Lacson also said the justification of Dar and Malacanang in raising the MAV currently at 54,000 MT six-fold was not backed by data at all.

Meanwhile, the passage of a proposed resolution seeking to revoke EO 128 is almost certain with other leaders of the chamber expressing support for the measure.

Congressional powers

Yesterday, Malacanang said it respects the power of Congress if it should decide to revoke President Duterte’s issuance of EO 128, which increases the cap on pork imports while reducing tariff.

Senate Minority Leader Franklin Drilon is filing a joint resolution with Senators Cynthia Villar and Pangilinan to revoke EO 128, which they believe would kill the ailing local hog industry and might be a source of corruption in the DA.

Sen. Grace Poe said she intends to become a co-author of the resolution. Senate President vicente Sotto III and Senate President Pro-Tempore Ralph Recto said they also support the resolution.

At the House of Representatives, Rep. Stella Quimbo of Marikina City joined senators in opposing the EO, which was recommended by the DA to stabilise soaring prices of local pork due to the shortage caused by ASF.

“The Palace respects the call of some lawmakers to revoke Executive Order No. 128, which temporarily modifies the rates of import duty on fresh, chilled or frozen meat of swine,” presidential spokesman Harry Roque Jr. said.

The Palace spokesman said Congress may reverse the President’s decision since lowering the tariff on imported pork was an authority delegated by lawmakers to the Chief Executive.

In the event that lawmakers decide to reverse EO 128, Roque said such an action is within the legislative power of Congress.

“EO No. 128 lowering the tariff of imported pork is only a delegated power given by Congress to the President to impose tariff rates, imports or exports pursuant to Section 28 paragraph 2, Article VI of the Constitution. Hence, Congress may, by law, impose limitations on such delegated power or may reverse the same,” he said.

“Further, should Congress pass another bill changing the tariff on imported pork, the President may veto any particular item or items in such appropriation, revenue or tariff bill,” he explained.

Malacanang is open for dialogue with lawmakers to determine how to address the issue.

“However, given the importance of the issue, the executive and the legislative branches can work together in protecting the interest of the stakeholders such as consumers and our hog raisers alike,” Roque said.

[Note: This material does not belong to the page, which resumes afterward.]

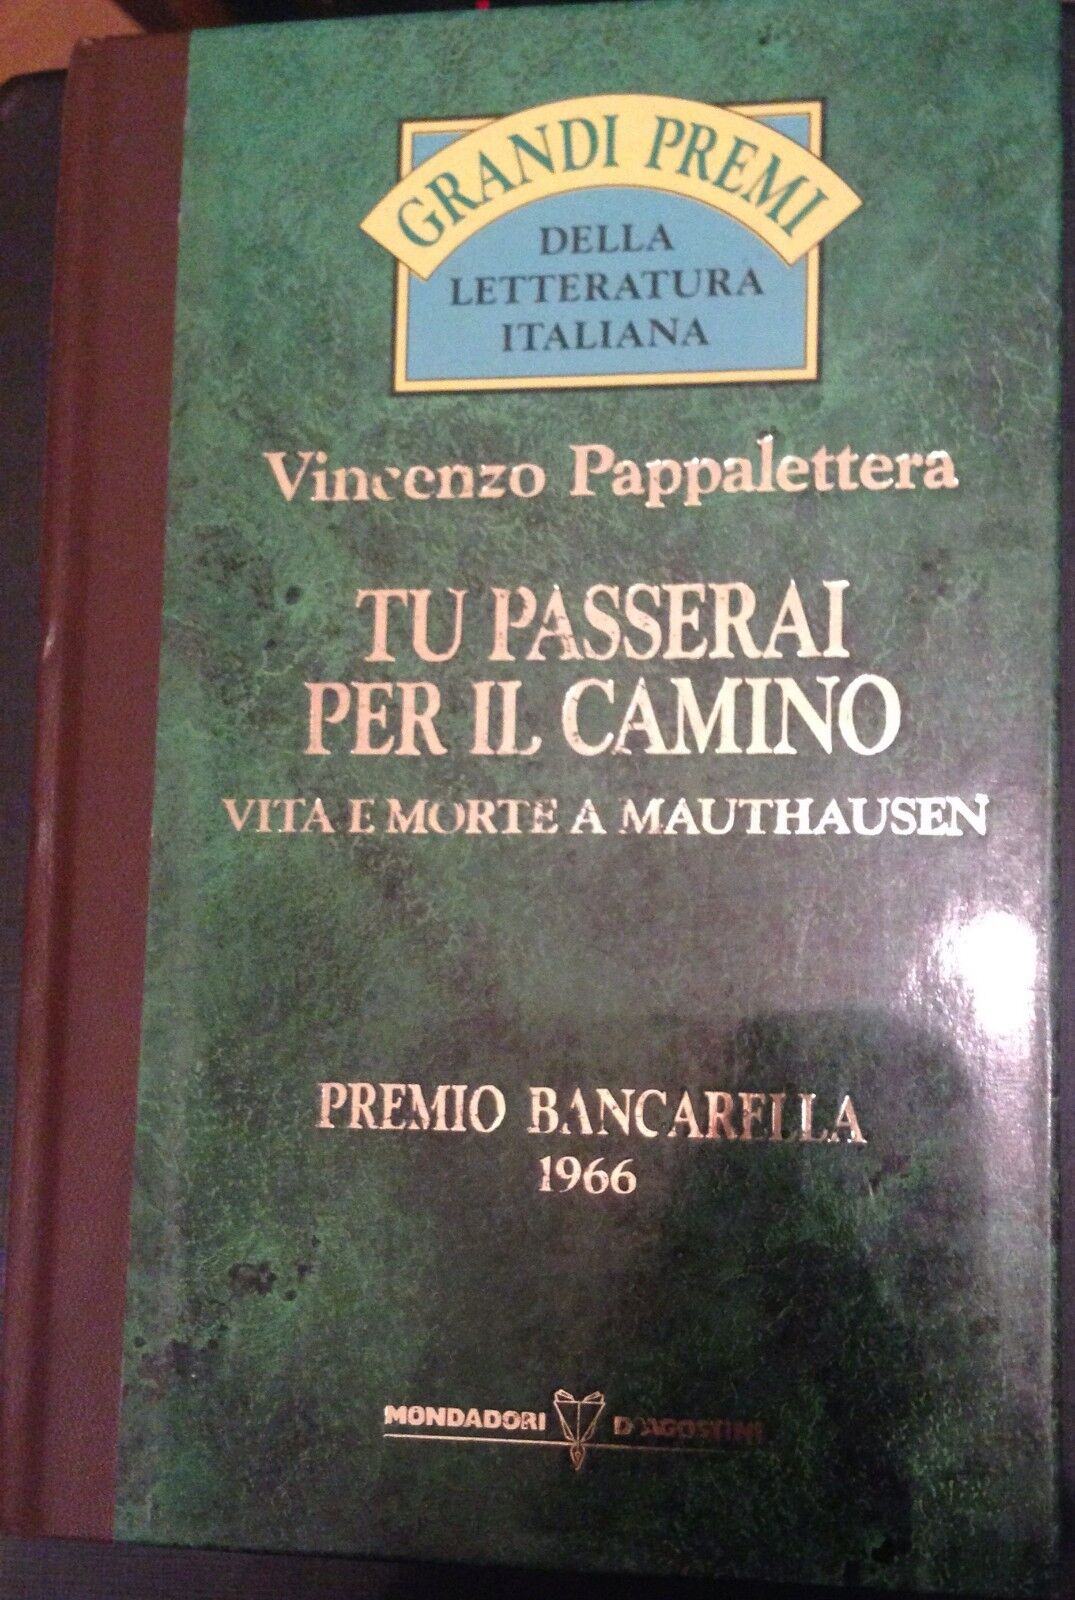 Tu passerai per il camino - Vincenzo Pappalettera - Mondadori -1966 - M

Sen. Imee Marcos lamented the foregone revenues from tariffs which could have been used to help the country’s 80,000 hog raisers even as she blasted the DA for having always resorted to importations to fill supply gaps instead of promoting productivity among farmers.

In opposing the EO, Quimbo said it is a premature policy to address the pork supply shortage which has driven market prices up.

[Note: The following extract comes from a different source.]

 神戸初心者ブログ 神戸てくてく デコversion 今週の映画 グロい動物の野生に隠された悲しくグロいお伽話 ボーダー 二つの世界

“In the face of higher prices of pork, the government’s move to reduce tariff rates on pork makes economic sense. There are three questions though that remain unanswered, hence, the policy issuance is arguably premature,” she said.

The deputy minority leader explained that tariff reduction requires a perfectly competitive market to be effective in reduction of prices.

“Competition is key in making reduced tariffs pro-people. In a less than perfect situation, reducing tariffs alone may not work. government must be part of the solution and must be temporarily allowed to import pork to help stabilise prices,” she suggested.

The ranking lawmaker questioned the five to 10 percent tariff set in the EO.

“A straightforward computation shows that even at 10 percent, imported pork can sell at P250 per kilo, assuming a retail margin of 10 percent. Are we assured that five to 10 percent tariffs are the appropriate rates to return inflation for the food sector to pre-African swine flu levels?” she asked.